Осекшаяся и сконфуженная Кэтрин хотела уже было принести извинения за неуместный вопрос. Но не успела она открыть рта, как он добавил:

— Романы полны вздора и чепухи. После «Тома Джонса» не было ни одного сколько-нибудь приличного — разве что «Монах». Я его недавно прочел. Все остальные — полнейшая чушь.

— Мне кажется, «Удольфо», если бы вы его прочитали, вам бы понравился. Он написан так увлекательно.

— Увольте, ей-богу. Уж кабы я согласился прочесть роман, то разве из сочиненных миссис Радклиф. Они хоть читаются с интересом, и в них есть какой-то смысл.

— Но ведь «Удольфо» сочинила миссис Радклиф, — нерешительно заметила Кэтрин, опасаясь его обидеть.

— Ничего подобного! Гм, разве? Ах да, ну конечно. Я имел в виду другую дурацкую книгу

написанную той женщиной, из-за которой было столько разговоров и которая вышла замуж за французского эмигранта.

— Может быть, вы говорите о «Камилле»?

— Вот-вот, она самая. Какая чепуха — старик качается на качелях! Я как-то взял полистать первый том, да сразу смекнул, что его и читать не стоит. Впрочем, я догадался, что это за ерунда, еще раньше, когда узнал про ее замужество. Сразу сообразил, что в эту книгу нечего и заглядывать.

— Я ее никогда не читала.

— Немного потеряли, поверьте. Самая дурацкая книга, какую можно себе представить. В ней ничего и нет, кроме старичка, который качается на качелях да еще зубрит латынь. Клянусь честью!

Эти критические высказывания, справедливость коих, к сожалению, не могла быть оценена Кэтрин, он произнес, подходя к дому, в котором остановилась миссис Торп и где чувства проницательного и нелицеприятного критика «Камиллы» были вытеснены чувствами встретившегося с матерью преданного и нежного сына. Миссис Торп узнала их еще издали, глядя из окна.

— А, мама, как поживаете? — сказал он тряхнув ей руку. — Где это вы подцепили такую диковинную шляпу? Вы в ней похожи на старую ведьму. Мы с Морландом решили провести с вами несколько дней. Придется вам подыскать неподалеку приличное жилье с двумя постелями.

Такое обращение, по-видимому, вполне отвечало чаяниям ее нежного материнского сердца, ибо миссис Торп встретила сына самым восторженным образом. Двум младшим сестрам он выразил равную родственную привязанность, спросив у них, как они поживают, и объявив им, что обе они уродины.

Все это Кэтрин не слишком понравилось. Но мистер Торп был другом Джеймса и братом Изабеллы!

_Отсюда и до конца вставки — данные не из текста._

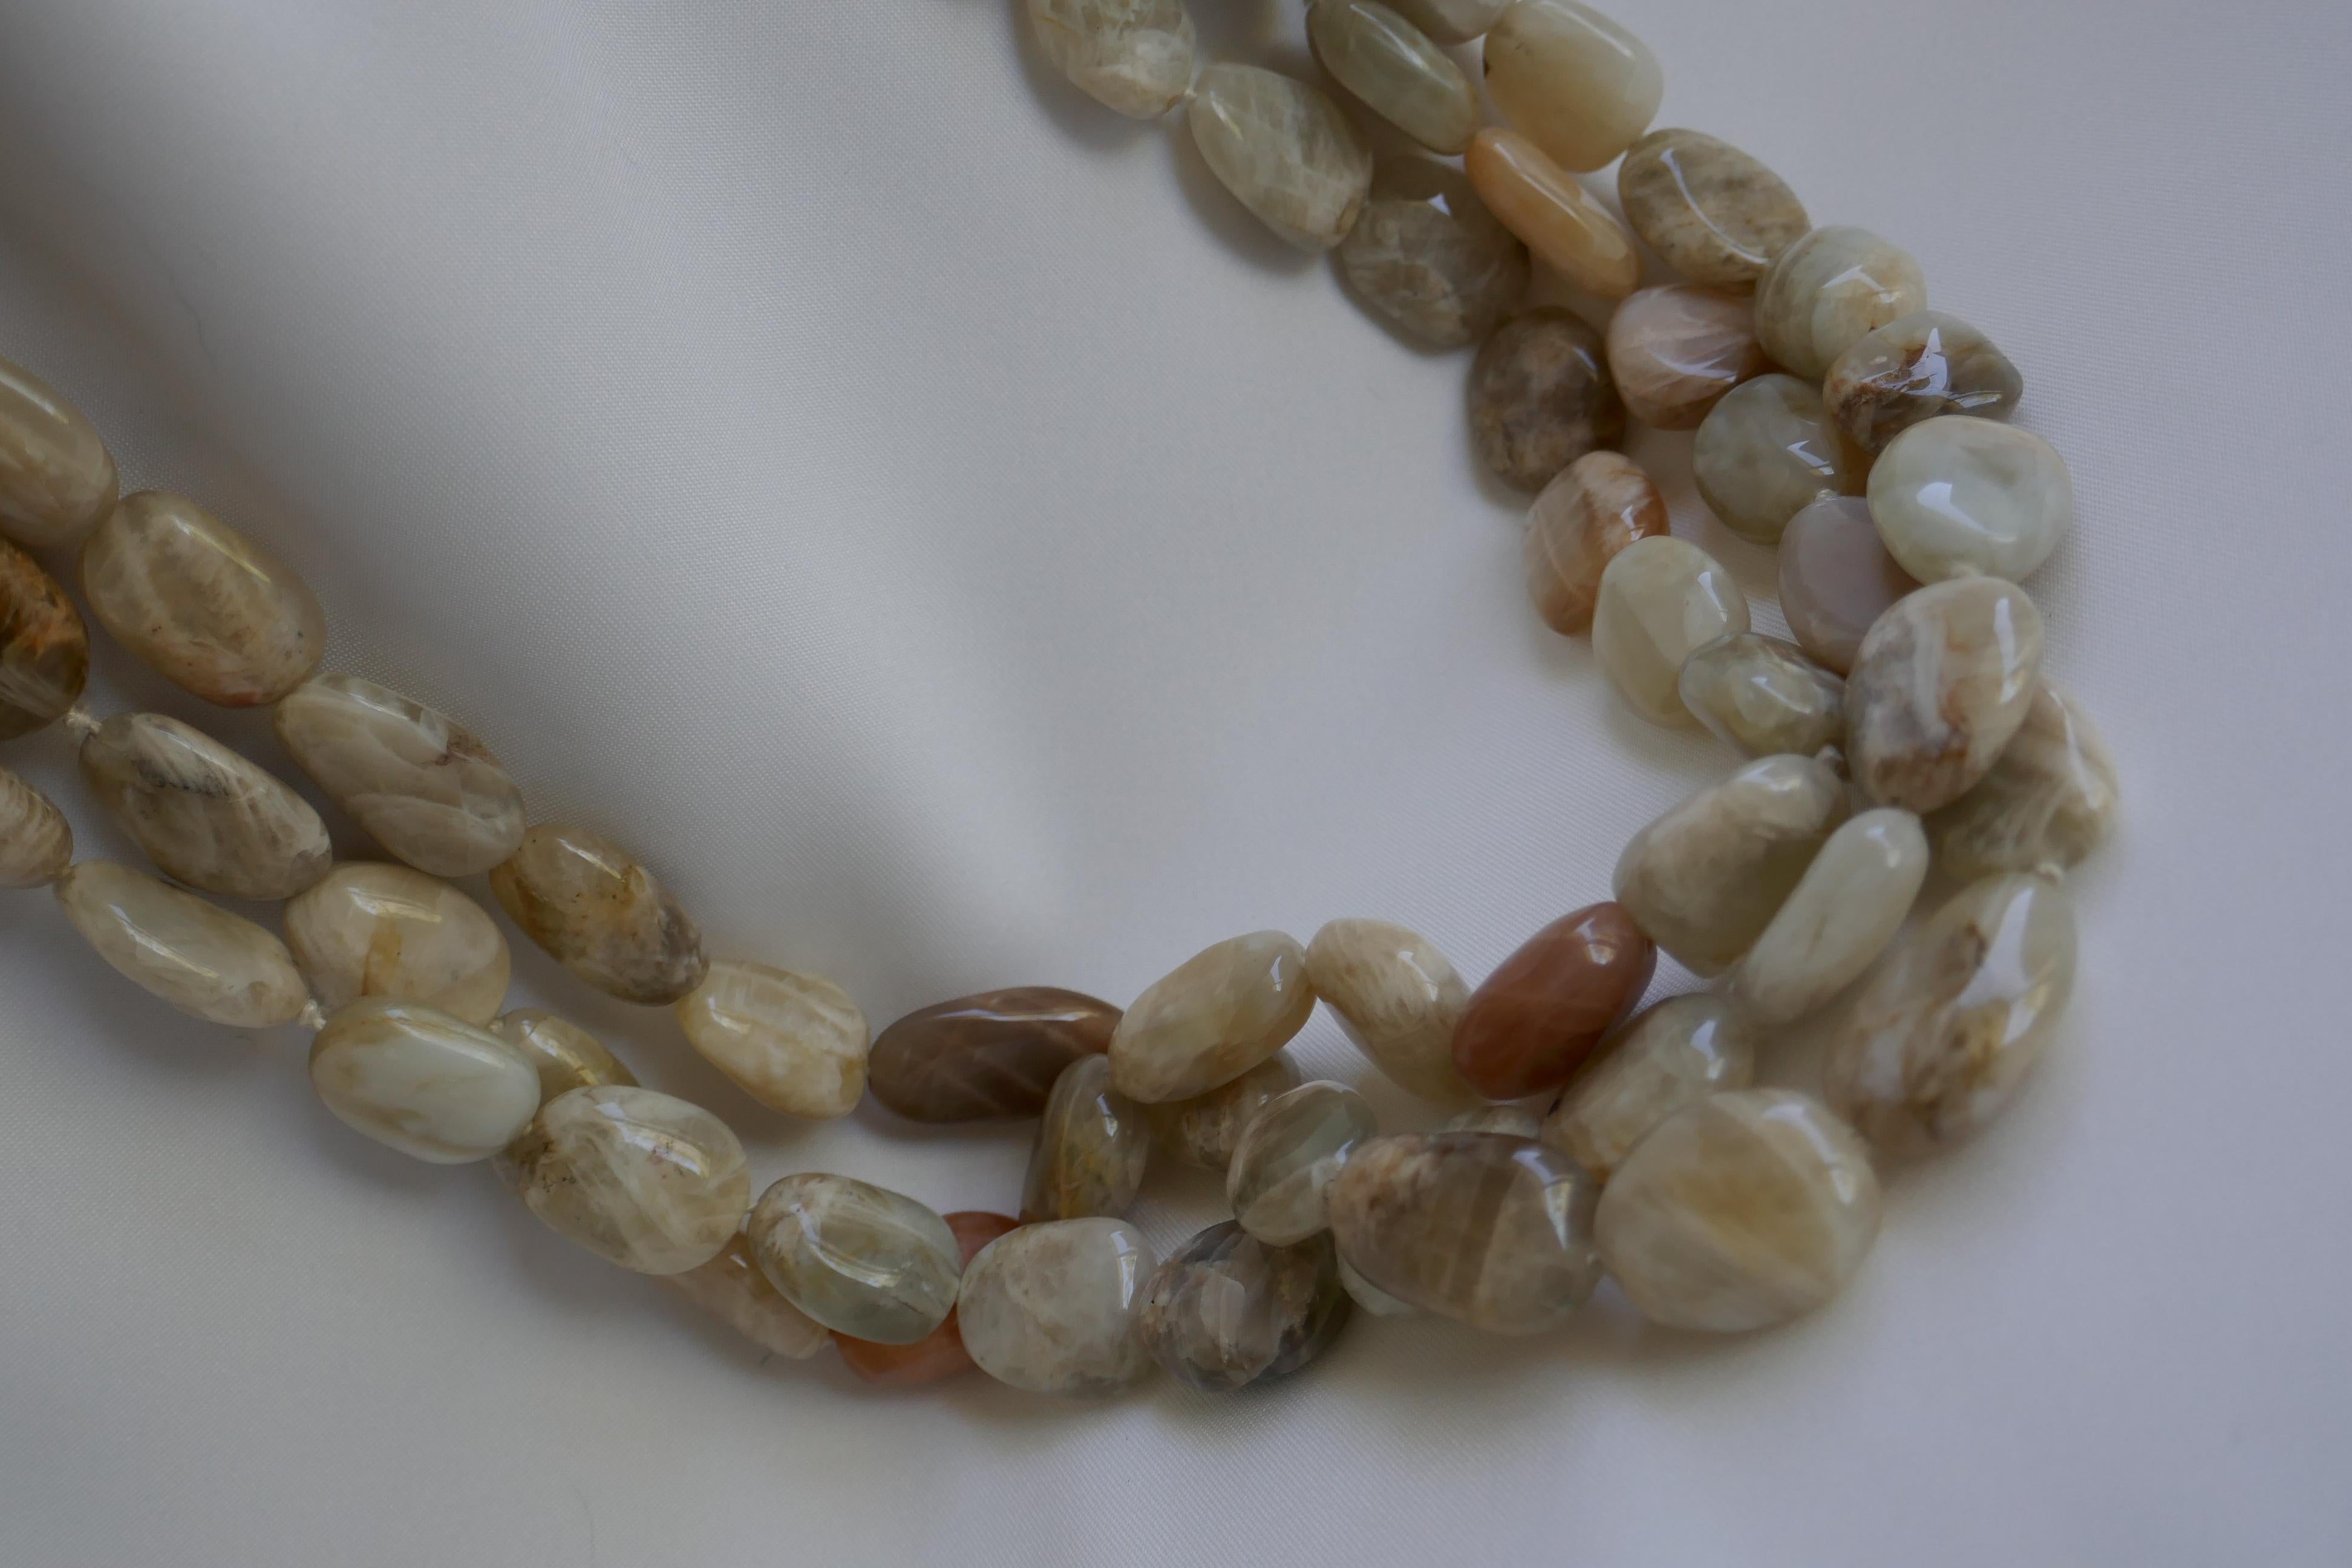 Love moonstones!!! This a stunning statement necklace. This three strand nugget moonstone necklace has beautiful stones the nuggets are in a pale peach, off white and beige tones.The tones of this moonstone necklace are beautiful. The size of the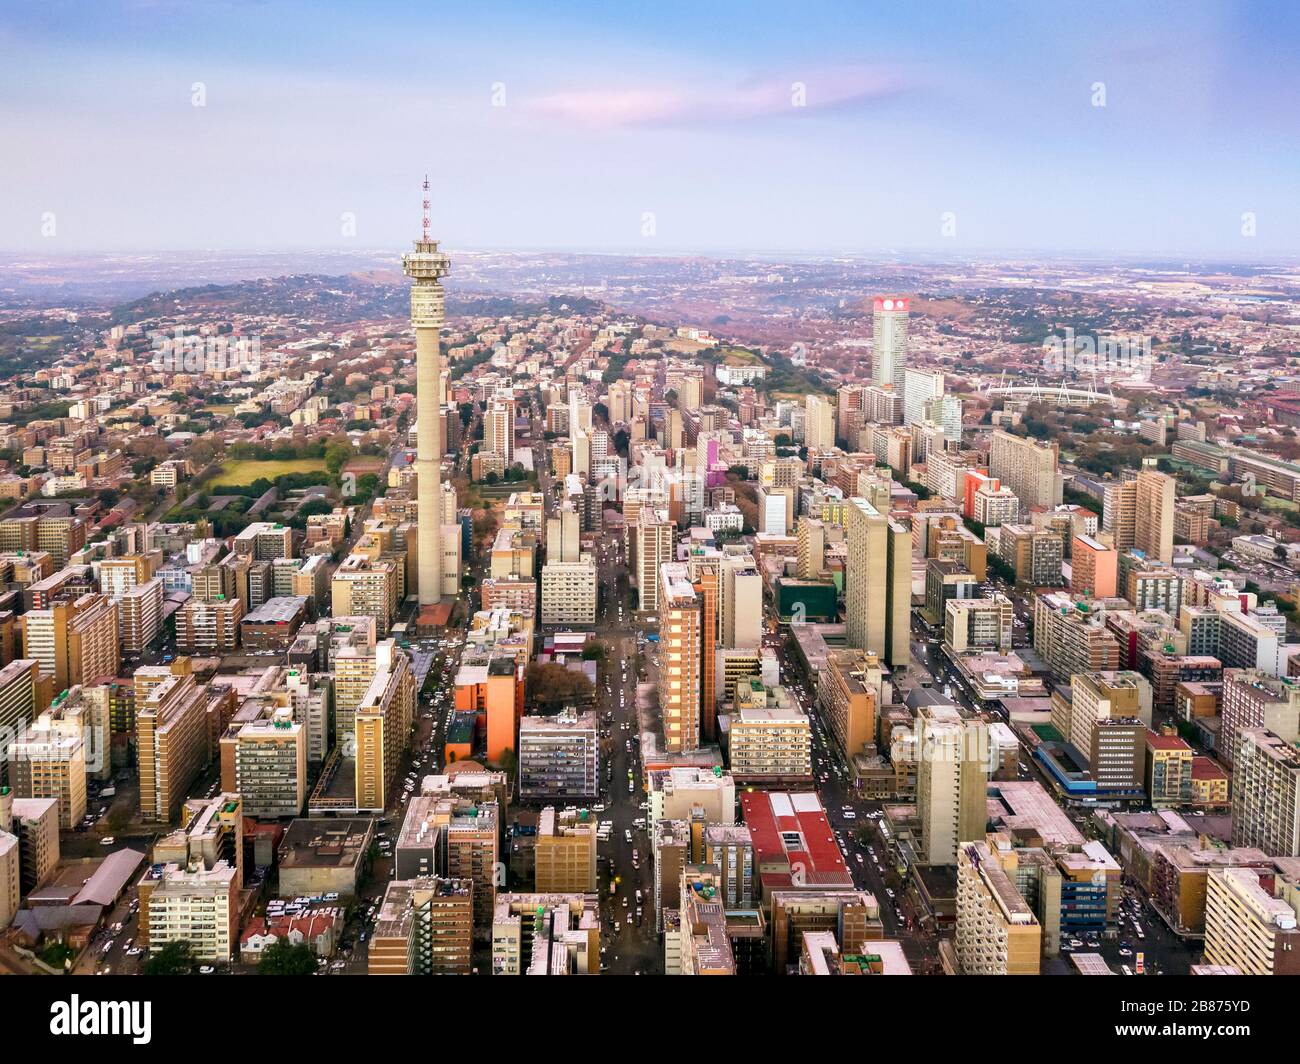 Architecture of downtown of Johannesburg, South Africa Stock Photo

И на ее суждение о нем повлияли к тому же слова Изабеллы, сказавшей ей, когда они наконец отправились вдвоем посмотреть на новую шляпку, что Джон находит ее самой прелестной девушкой в мире, а также приглашение танцевать с ним на предстоявшем в тот день балу, сделанное Джоном при расставании. Будь она более опытной и более тщеславной, эти комплименты, возможно, не возымели бы своего действия. Но при сочетании юности и неуверенности в себе требуется незаурядная сила ума, чтобы не поддаться такому отзыву о собственной внешности и такому заблаговременному приглашению к танцу. Следствием всего этого было то, что, когда брат и сестра Морланды, проведя час у Торпов, вышли из дома, чтобы идти вместе к Алленам, и Джеймс, затворив за собой дверь, спросил: «Ну, Кэтрин, понравился тебе мой друг Торп?» — она, вместо того чтобы ответить честно, как она бы это сделала, не подействуй на нее лесть и дружеские чувства: «Решительно не понравился!» — без запинки произнесла: «Очень понравился, с ним так приятно провести время!»